*** Begin section ***

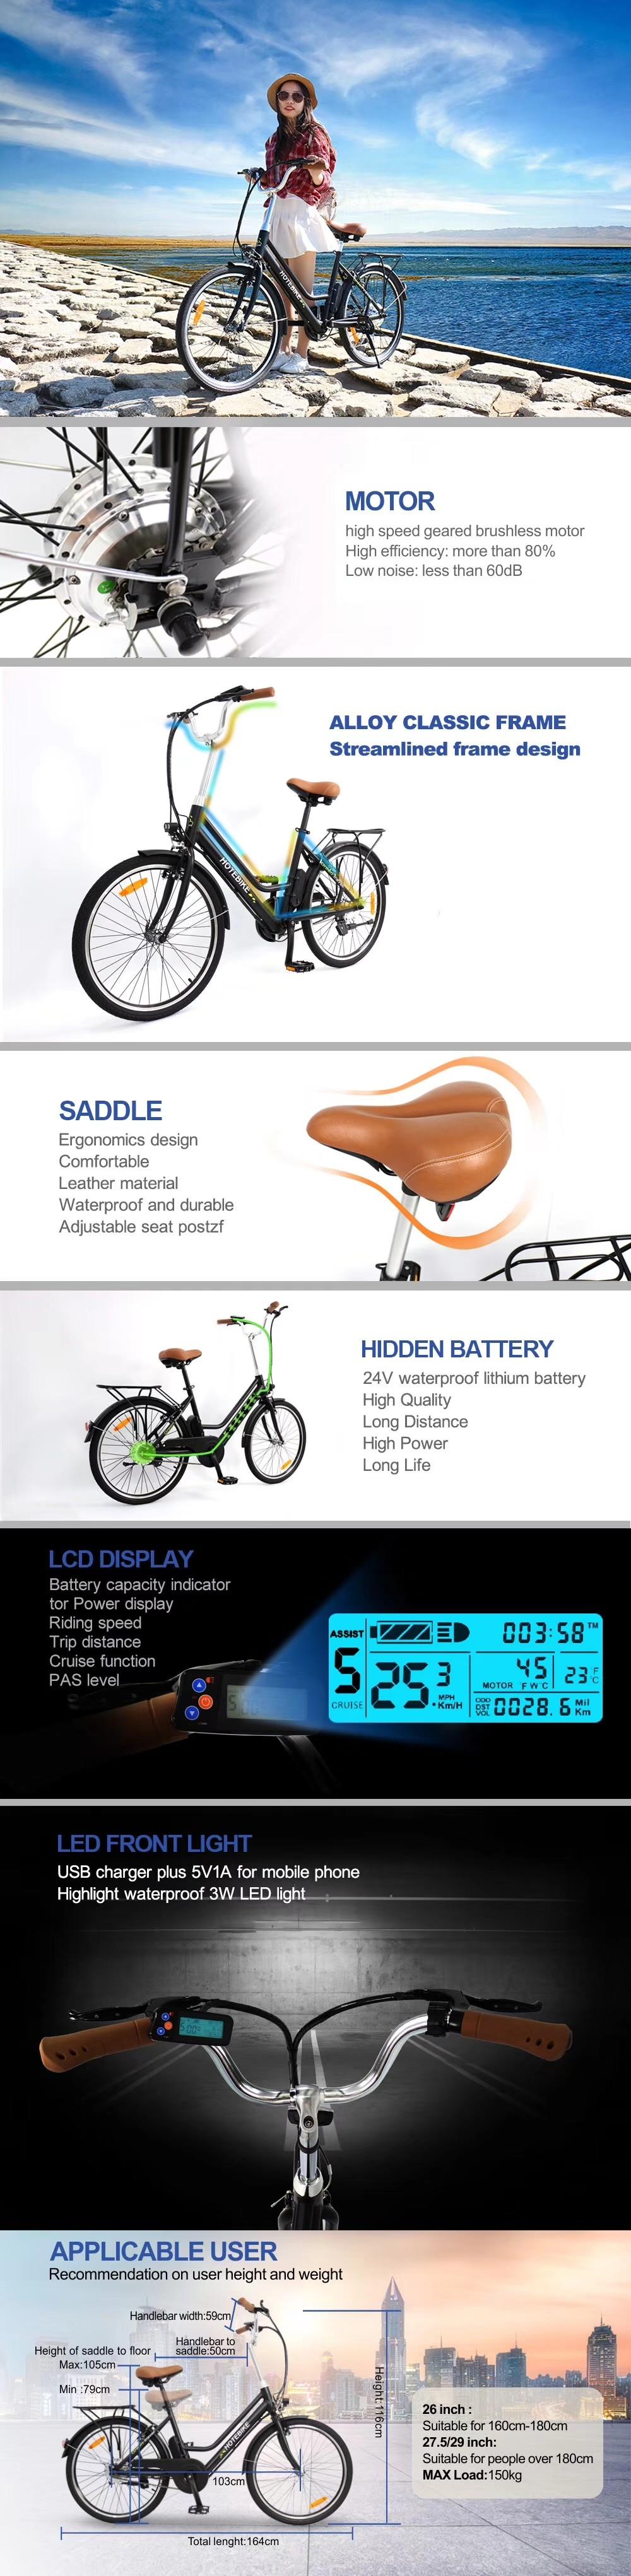 small electric bike
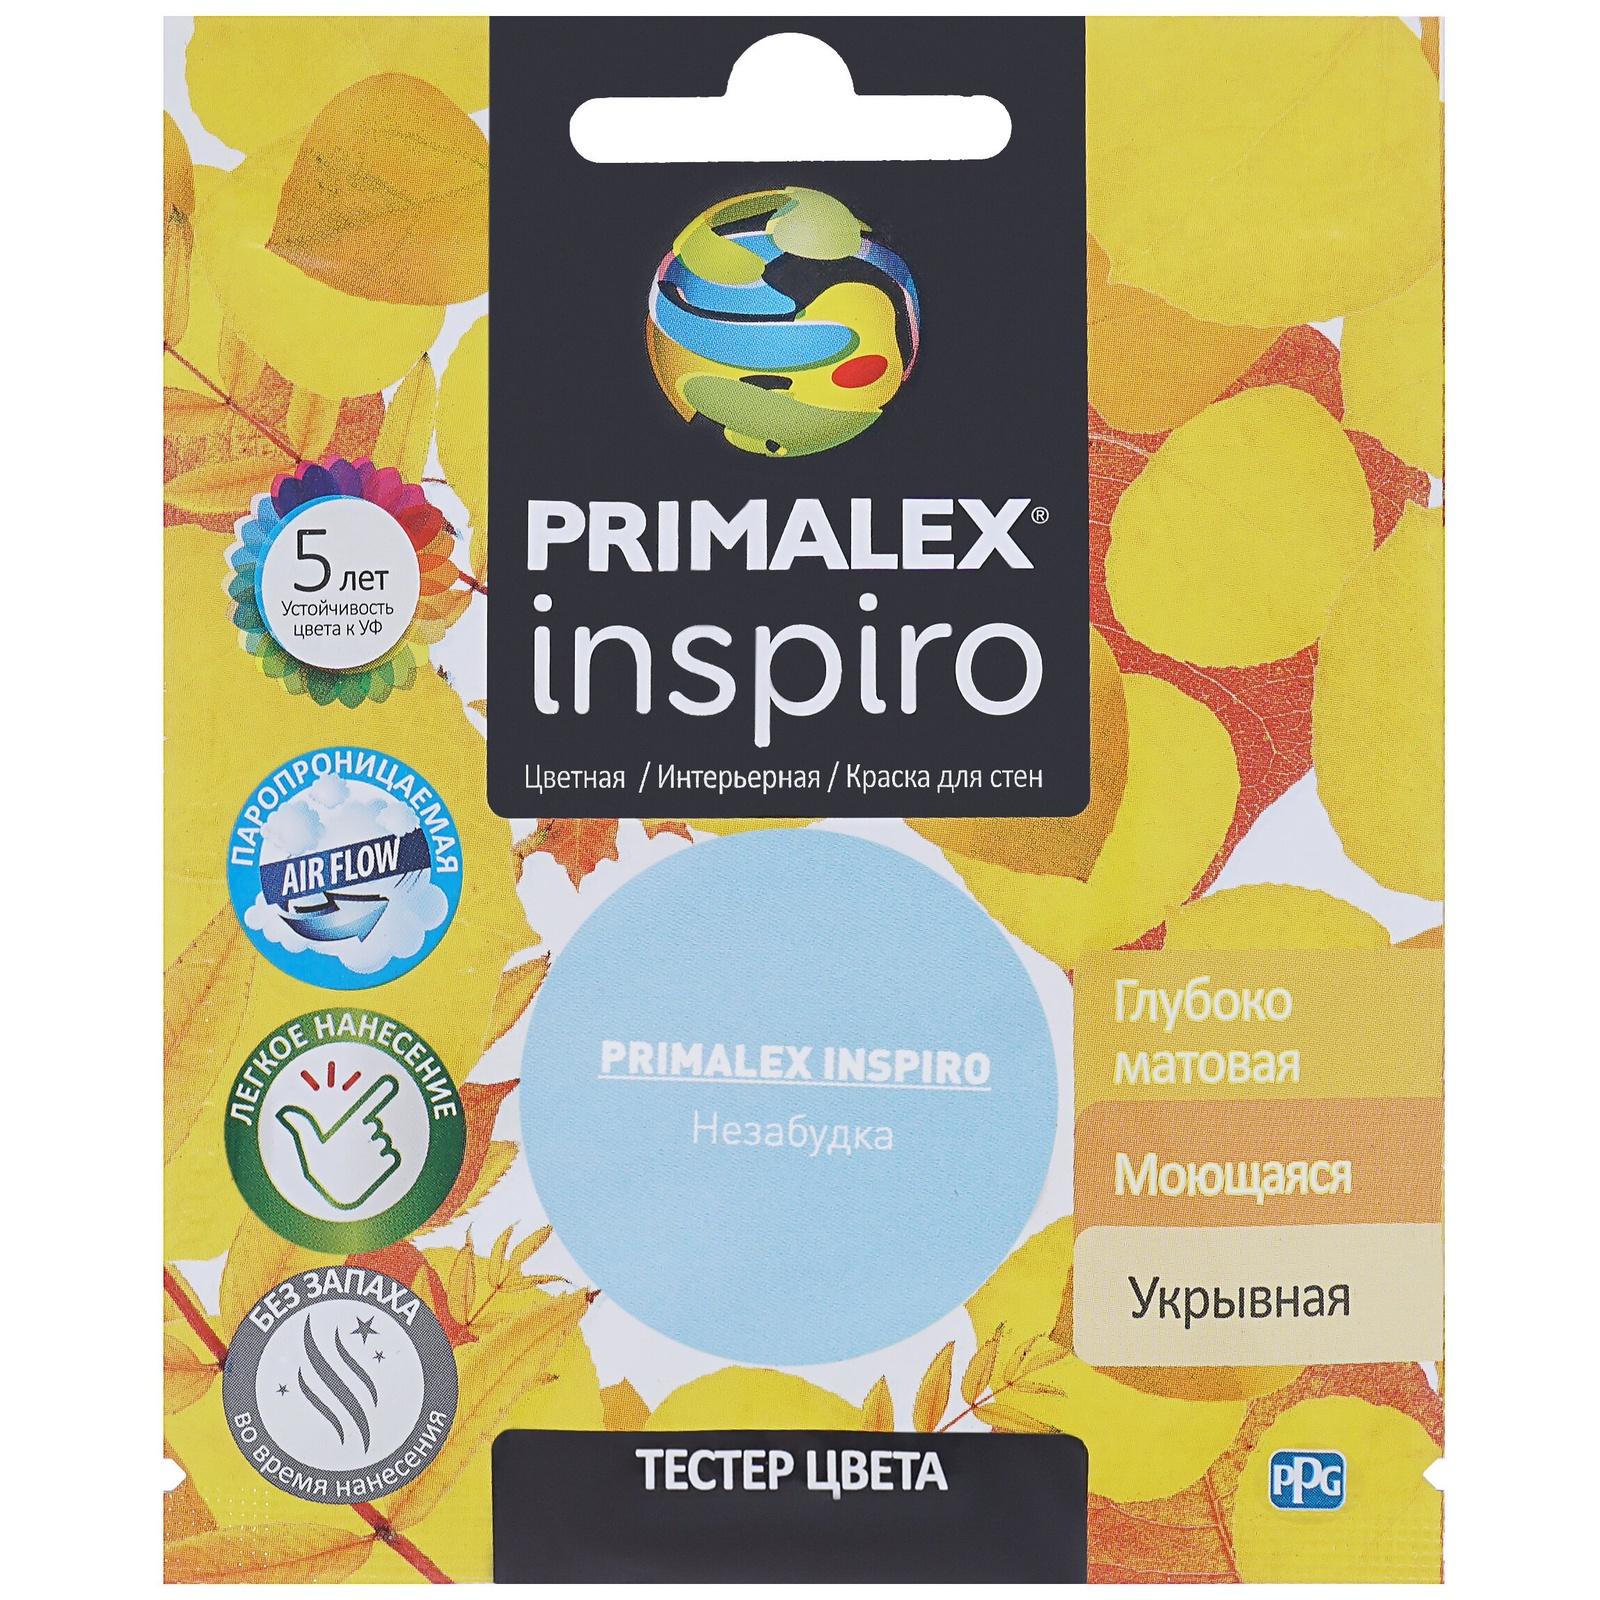 Краска PPG Primalex Inspiro Незабудка 40мл краска ppg primalex inspiro красный мак 40мл pmx i47
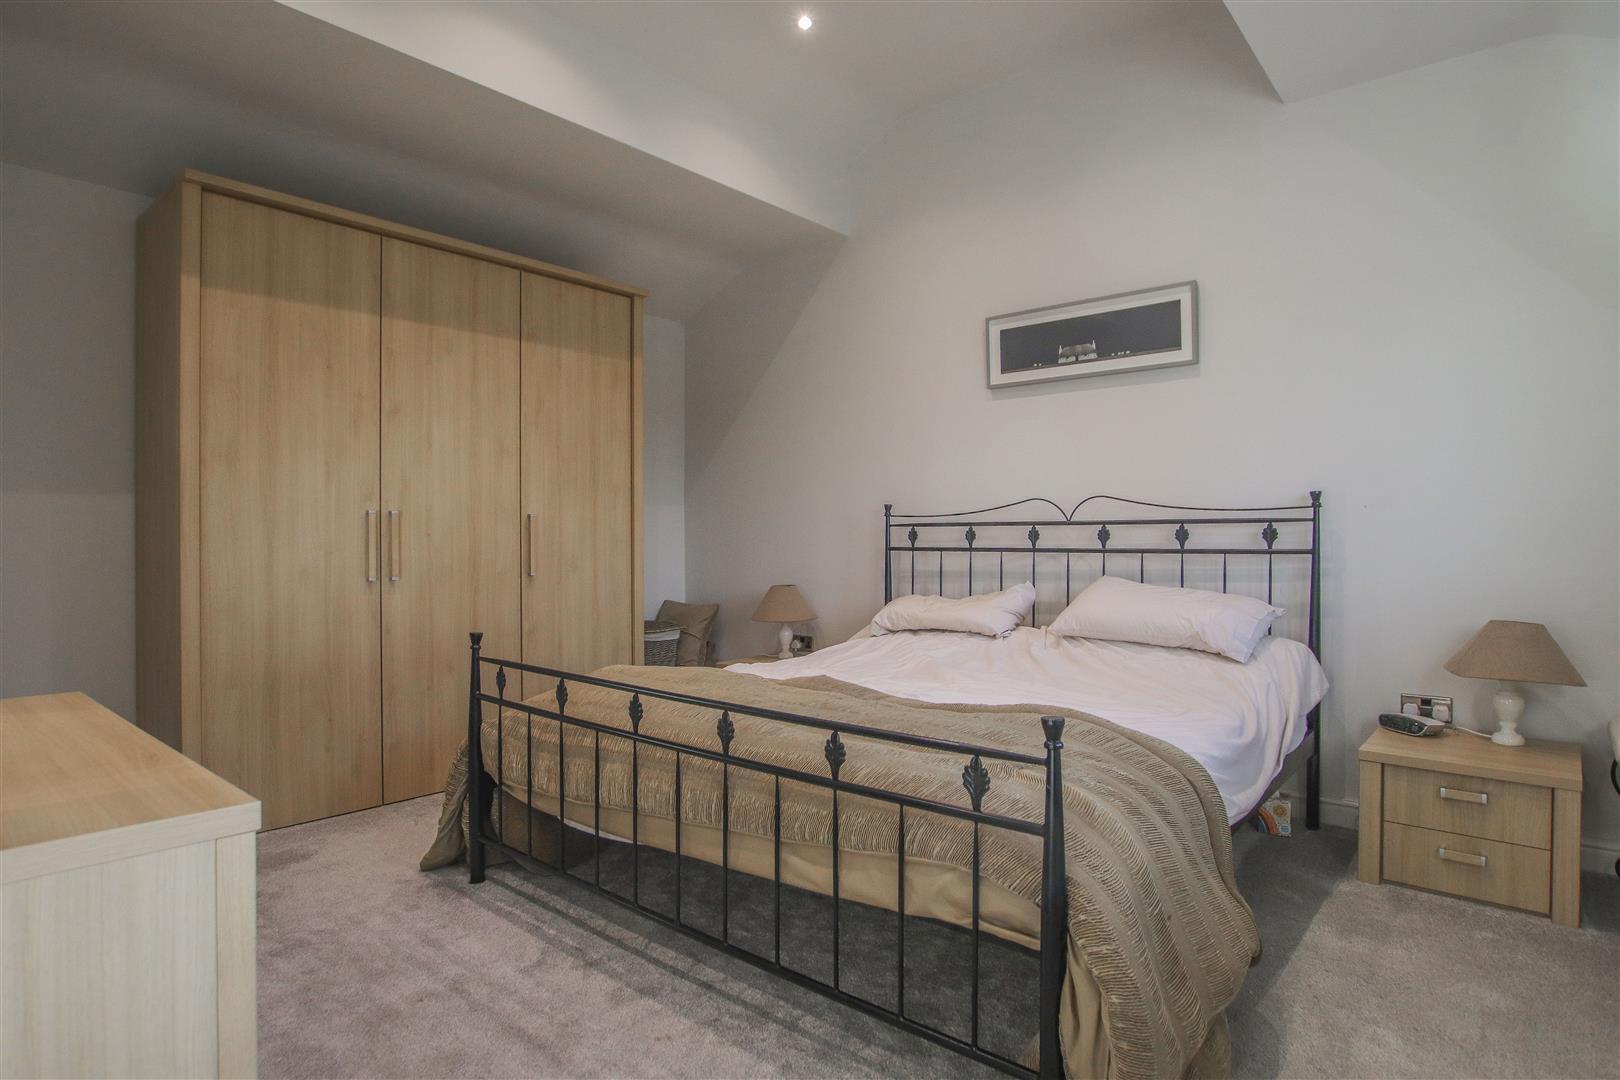 6 Bedroom Barn Conversion For Sale - 25.JPG
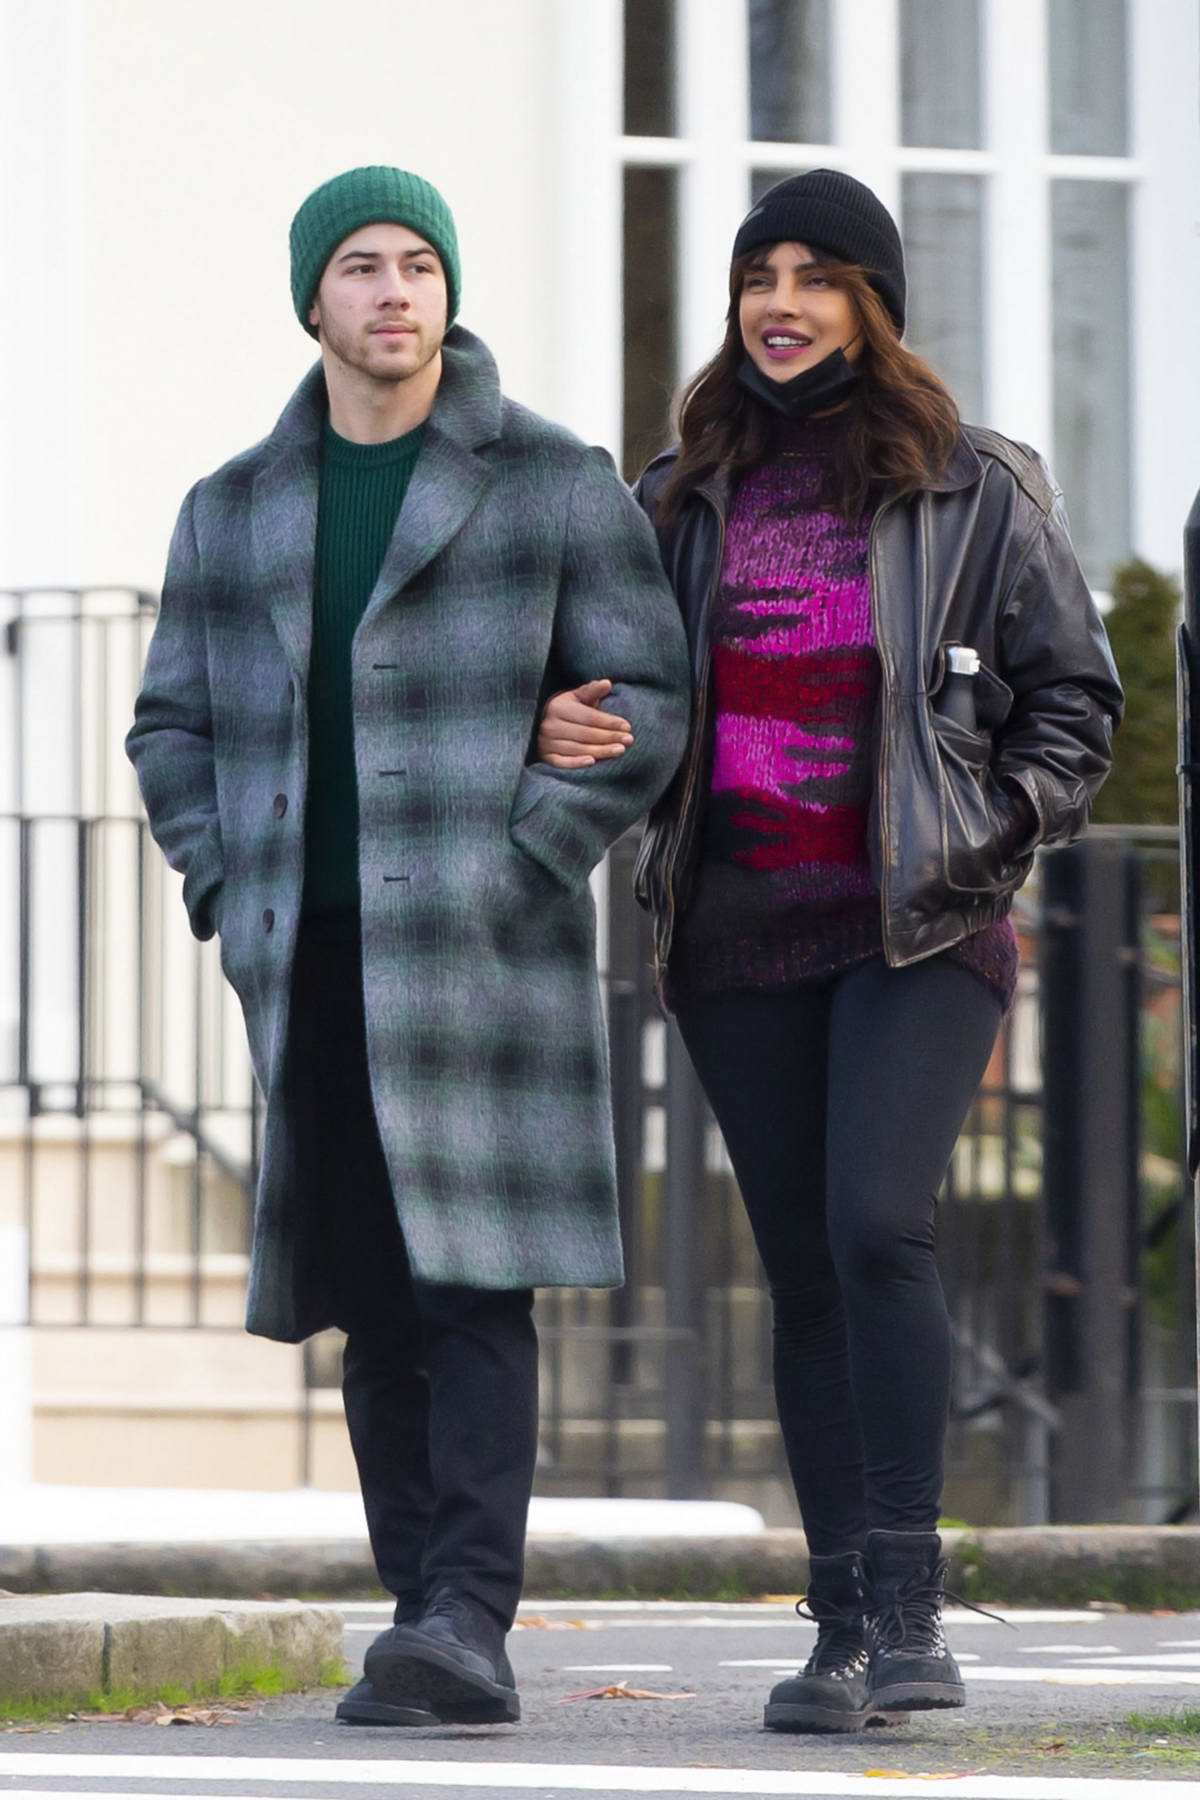 Priyanka Chopra is all smiles while enjoying a stroll with husband Nick Jonas in London, UK

*** End section ***

» **What the task requires**: Restate the material above exactly. Exclude all pictures.

» **Result of the task**:
 small electric bike
 Краска PPG Primalex Inspiro Незабудка 40мл краска ppg primalex inspiro красный мак 40мл pmx i47
 6 Bedroom Barn Conversion For Sale - 25.JPG
 Priyanka Chopra is all smiles while enjoying a stroll with husband Nick Jonas in London, UK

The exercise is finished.